Из десяти любимых коней Париса отбирают четырех лучших, и Гектор длинным ножом покойного брата перерезает им горло, переходя от одного к другому так стремительно, что даже умные, прекрасно обученные животные не успевают отреагировать.
Ахиллес с безумным рвением и нечеловеческой силой забрасывает четырех коней одного за другим на высокую деревянную пирамиду, каждого следующего на более высокий ярус.
Раб Париса выводит на свободное место любимых хозяйских псов. Гектор поочередно поглаживает их и чешет за ушами. Потом задумывается, будто припоминая все те разы, когда брат кормил их со стола и брал на охоту в горы или болотистые низины.
Гектор выбирает двух псов и кивает рабам, чтобы увели остальных. С минуту он ласково треплет каждого пса по загривку, словно желая угостить лакомой косточкой, затем перерезает им горло с такой силой, что чуть не отсекает головы. Убитых собак он сам кидает на сруб, и те падают намного выше мертвых коней, у подножия носилок.
А вот теперь – сюрприз.
Десять меднодоспешных троянцев и десять меднодоспешных ахейских копейщиков выкатывают телегу. На ней стоит клетка. В клетке – бог.
Кассандра наблюдала за погребальным обрядом с высокого балкона на стене Зевсова храма, и ее все сильнее захлестывала обреченность. Когда же на главную площадь Илиона выехала телега, запряженная не волами и не лошадьми, а восемью отборными троянскими воинами, телега, единственную поклажу которой составляла клетка с обреченным богом, Кассандра едва не упала в обморок.
Елена подхватила ее за локоть.
– Что с тобой? – шепнула гречанка, ее подруга, вместе с Парисом накликавшая на Трою все бедствия последних девяти лет.
– Это безумие, – прошептала Кассандра, прислоняясь к мраморной стене.
Чье безумие имелось в виду – ее ли собственное, или тех, кто задумал принести в жертву бога, или всей этой долгой войны, или Менелая, стоящего внизу во дворе (его нарастающее безумие Кассандра ощущала последний час, словно бурю, которую насылает Зевс), – она не пояснила. Да и сама не знала.

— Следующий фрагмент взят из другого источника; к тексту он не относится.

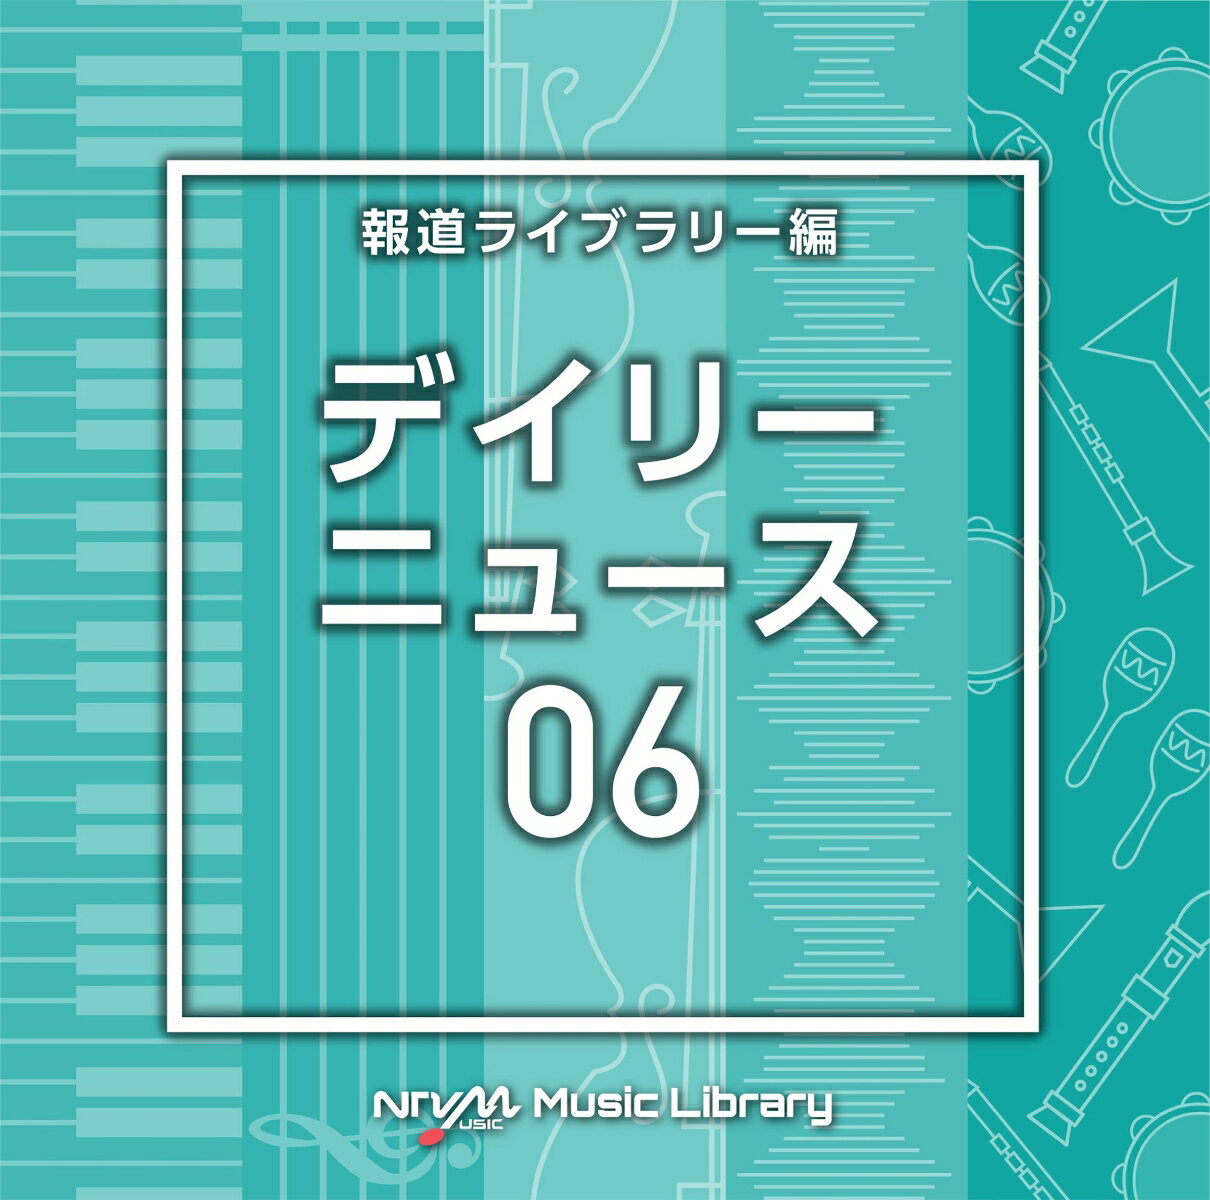 NTVM Music Library 報道ライブラリー編 デイリーニュース06
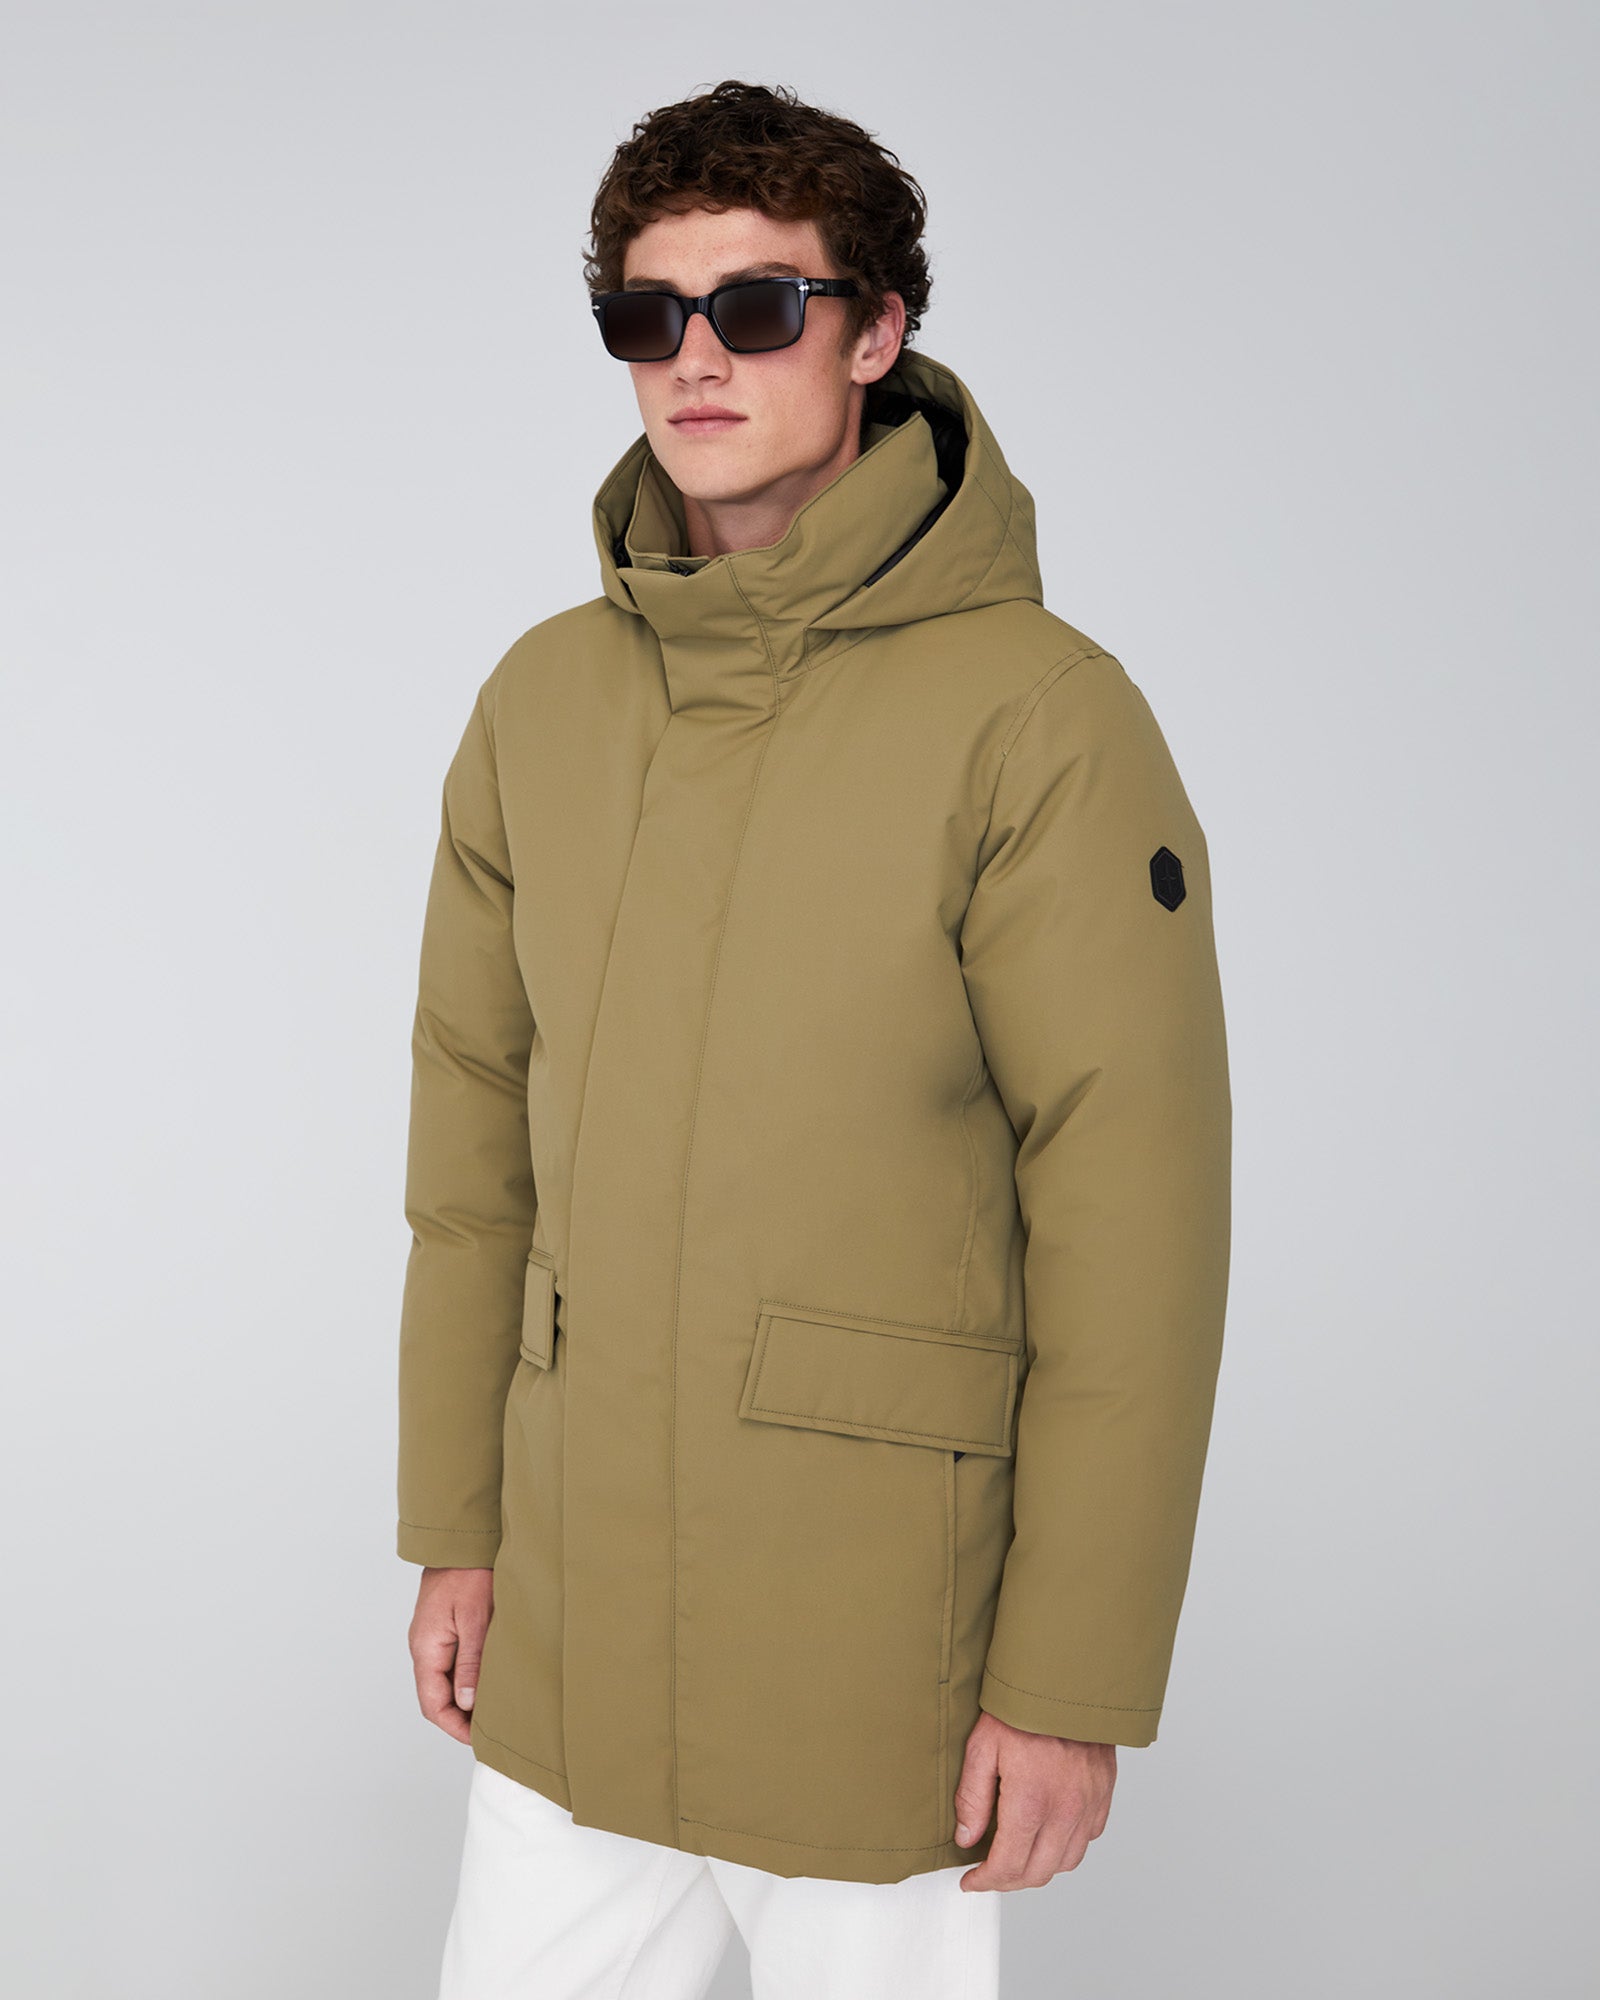 CHAMPLAIN | Hooded Down Winter Jacket

Пленного бога, упрятанного не только за стальные прутья, вбитые в телегу, но и в незримый силовой кокон моравеков, звали Дионисием, или Дионисом. Сын Зевса от Семелы, он был богом пьянства, распутства и неукротимого экстаза. Кассандра, с детства служившая Аполлону – убийце Париса, – тем не менее не раз и довольно близко общалась с Дионисом. С начала войны он единственный из богов попал в плен. Богоподобный Ахиллес одолел его в бою, магия моравеков не позволила побежденному квант-телепортироваться, хитроумный Одиссей убедил его сдаться, а в плену Диониса удерживал одолженный у роквеков энергетический щит, который сейчас мерцал и колыхался, как нагретый воздух в полуденный зной.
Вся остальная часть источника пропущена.